The Gift of Growth

Joseph at 7

In 2000, I started a website to document the journey of my first-born who was born with autism.

I wanted to speak about the time before he was diagnosed, the time when he got diagnosed, what we did, how we reacted and what it meant for him.
I wanted to document his journey and mine at a time there was so little about autism and therapies for young children, especially in French.

I created a website and called it “Terouma“, which is the French spelling of a Hebrew word meaning « Gifts » or « Offerings » The meaning in Hebrew implies the idea of separation and elevation. Life had given our family a separate fate because of autism but it had also offered us an opportunity for incredible growth.

Hence the name Terouma or Terumah for that website.

Each week, everywhere in the world, the Jewish people read the same portion of the Torah, the Five Books of Moses in the Hebrew Bible. The Torah is divided into fifty-four portions that are called by the first relevant word of the text: this week we are reading the portion called Terumah.

In this portion, the Israelites are commanded to bring offerings to build the tabernacle, with a specific list of items that must be gifted to that purpose.

Gold, silver and copper; blue, purple and red-dyed wool; flax, goat hair, animal skins, wood, olive oil, spices, and gems.

I have always been very fond of lists, all sorts of list. That list gives me joy each time I read it! I can feel the divine presence in each item, so precious, so special.

My son has so many rituals that mean something for him only, and he has not been able to share their meaning in a clear manner, but I look at them the same way I look at the list of items brought to build the mishkan, the holy tabernacle.

Each child is unique. Each story of autism is unique. What I have written in the past, what I write today, and might write in the future always reflect only my views.

Because of this extra-ordinary son with no intelligible words or explanation on his modus operandi, I am the one who had to build a special space, not only for him and his family but hopefully for others who might find our perspective inspiring.
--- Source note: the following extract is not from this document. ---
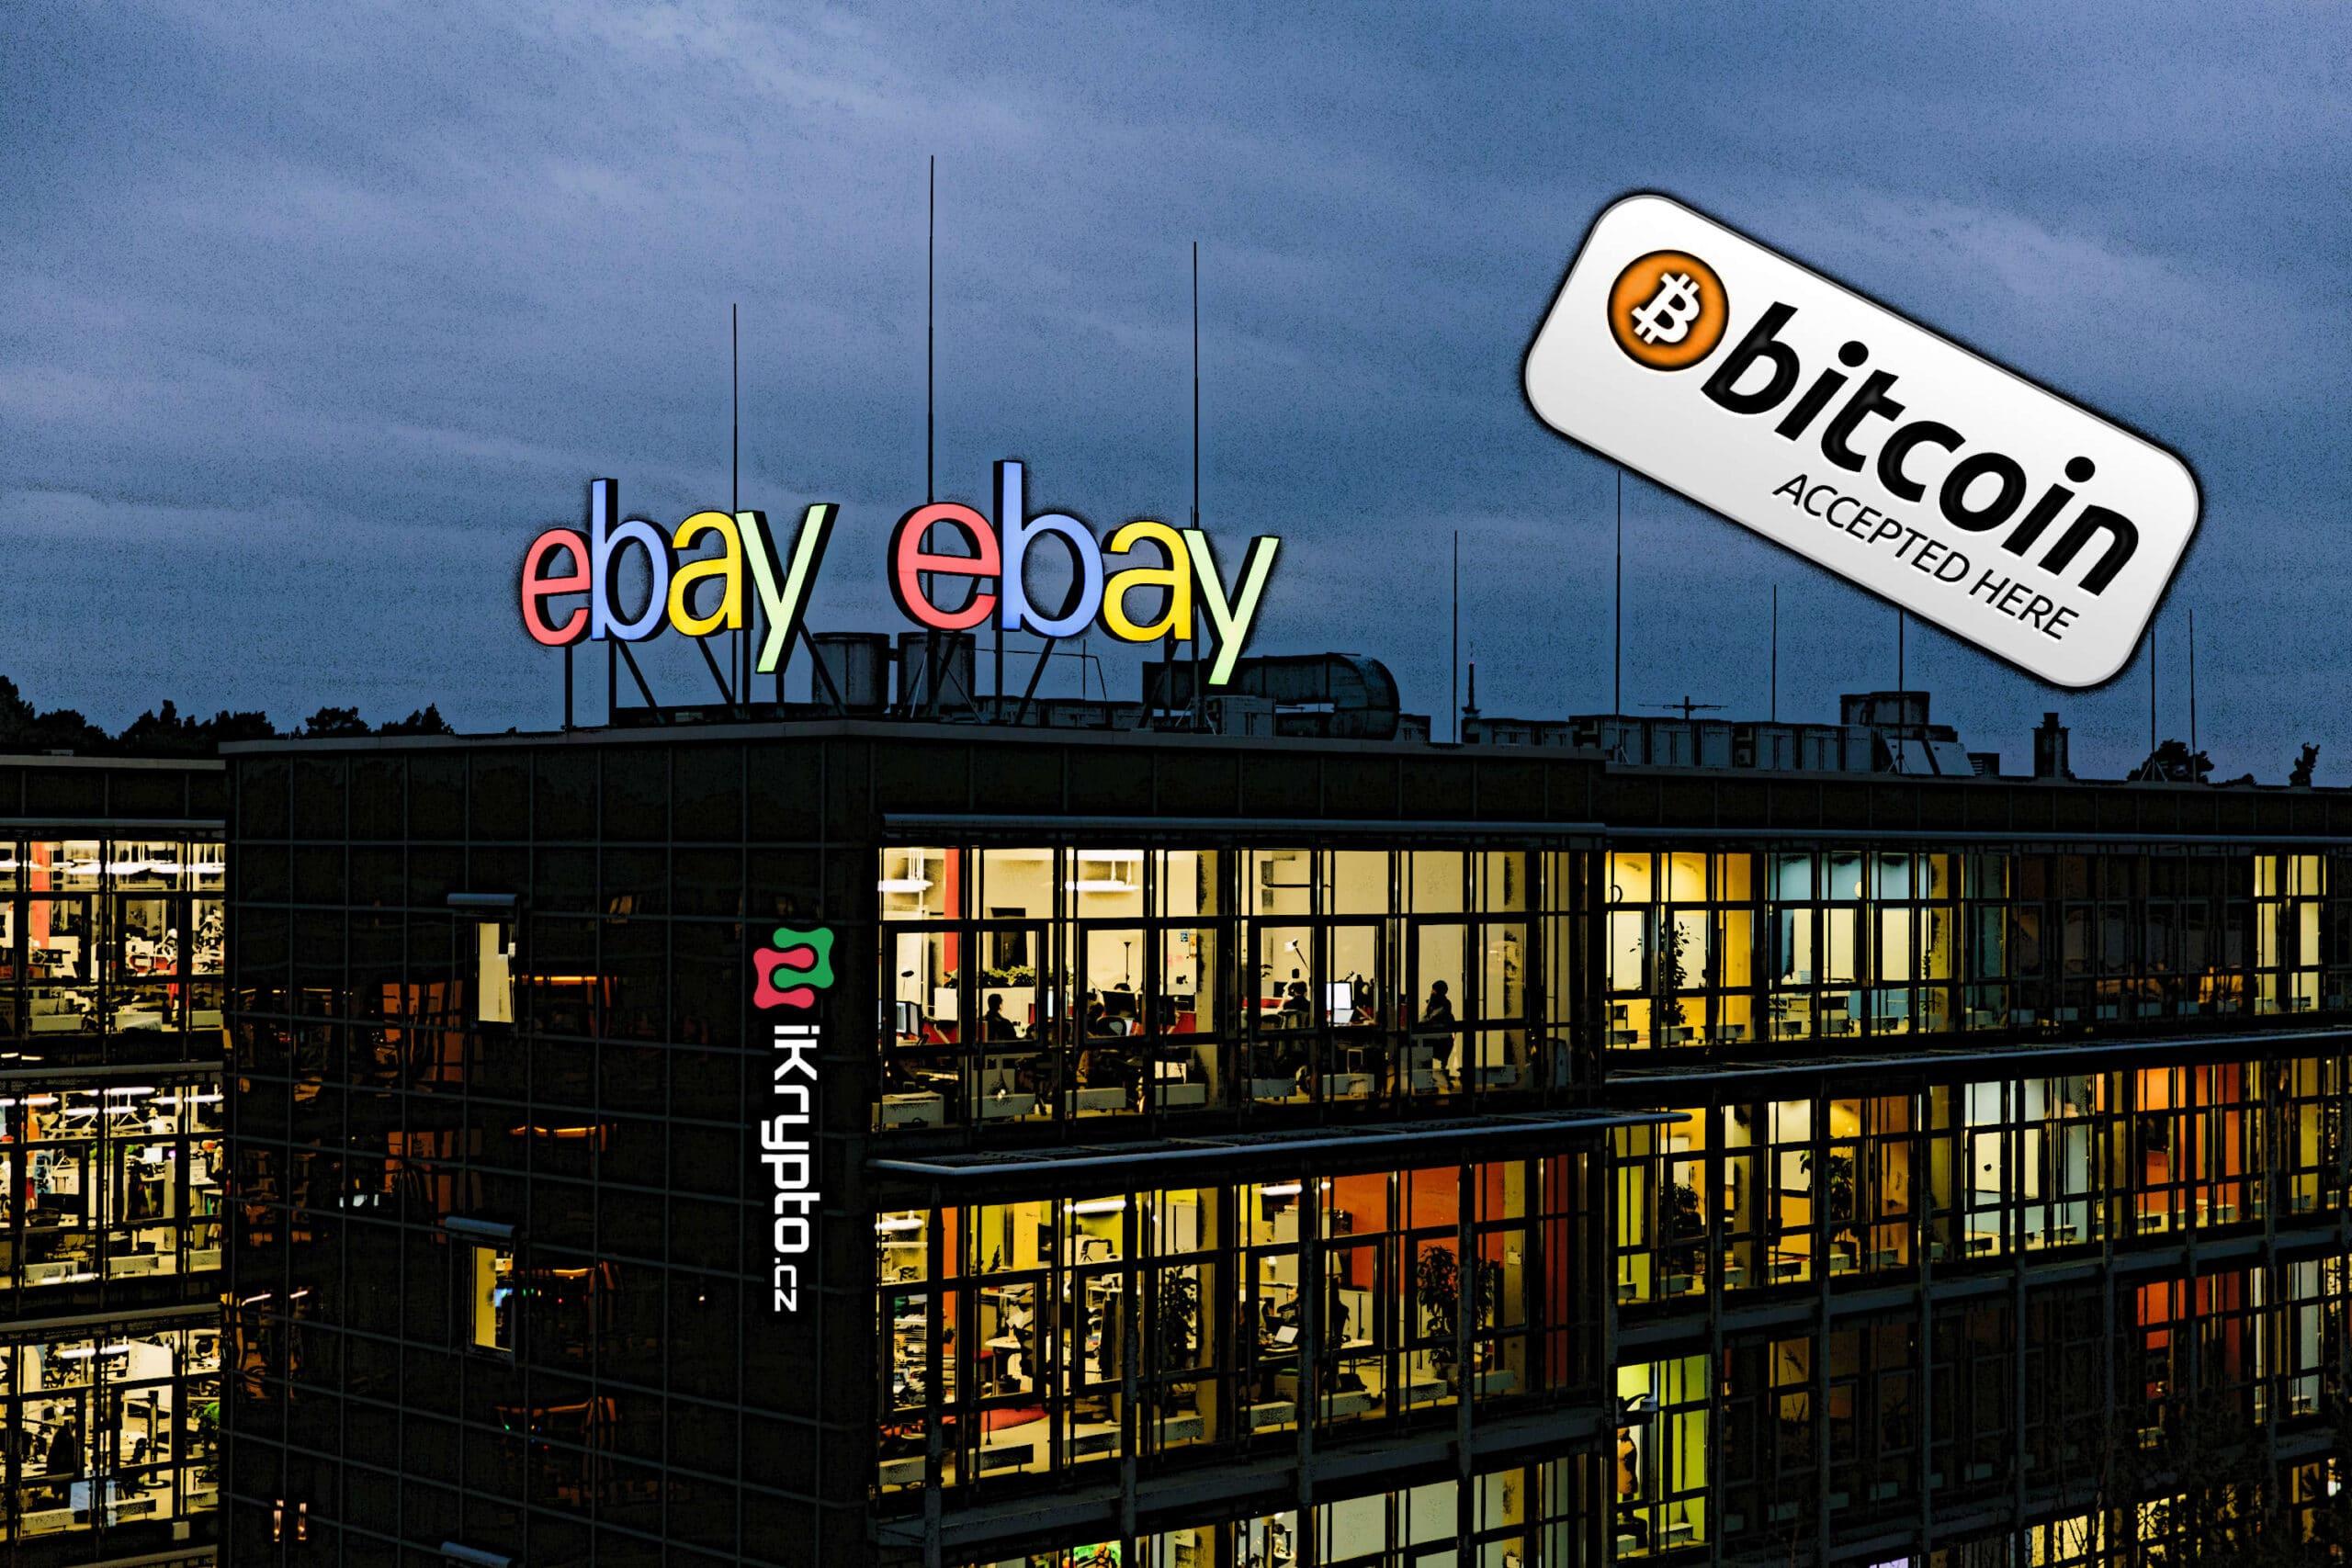 ebay zacit prijimat kryptomeny

Please, share your stories too!

This Christmas Eve

Each end of the calendar year, I like to take stock of my professional activities. I like to start planning for the next year as well.
 
Looking at this blog, I note how little I have published this past year.
 
I have always loved blogging.
 
To share with an audience of faithful readers about issues that matter most to me.
 
I may have the hope it would rally to my views of the world.
 
To invite someone with a different point of view to consider mine and discover a new place.
 
But I have never tried to convince or create any mass movement for my personal ideas.
 
My activism has always remained very confidential.
 
I discovered that communication is not – what a paradox! – my strongest suit.
 
It led me to feelings of being misunderstood often. To feelings of loneliness and solitude.
 
I like to tell stories. I don’t actually like to explain things. Yet I always force myself to explain things out of fear of creating confusion. Confusion would upset my sense of order and strive for perfection.
 
Such effort costs me time and energy, and both deserve rewards.
 
 
Could it be the reason why I stopped blogging in 2018? I barely shared anything on social media as well. I concentrated all my time elsewhere that was not public writing.
 
 
When I was a student, I dreamed of being an interpreter and I studied foreign languages.
 
When I was a child, I dreamed of being an actress. Instead, I played the games my gender, origins, culture, family, or country expected me to play. I have been pretty good at it.
 
I dreamed of a career in which I would have created a safe haven for people to come to resource and learn how to grow their talents.
 
Instead, I had two children.
Each became in their own way my teachers of new very foreign languages.
 
This year, Christmas week offers me a haven of tranquility that I would like to taste.
 
I do not celebrate the holiday so I enjoy the peaceful break for myself.
 
Looking back at the year.
 
I am trying to remember all those who left this world this past year. It is leaving holes in my heart and nostalgia for the memories we had together.
 
I am trying to give the benefit of the doubt to failures and difficulties that I encountered. To let them be springboards to create better results next time I try. The lessons they teach bring wisdom once we repeat and practice the exercises and persist.
 
Persistence is key.
 
This blog is still here!
 
Even though it lacked consistency I hope it can still play its role, for me, as well as for its visitors.
 
To all, I wish a Merry Christmas and a happy New Year. May we all have many opportunities to spend some time together. I look forward to this miracle of interconnectivity.

What to say and what not to say about suicide?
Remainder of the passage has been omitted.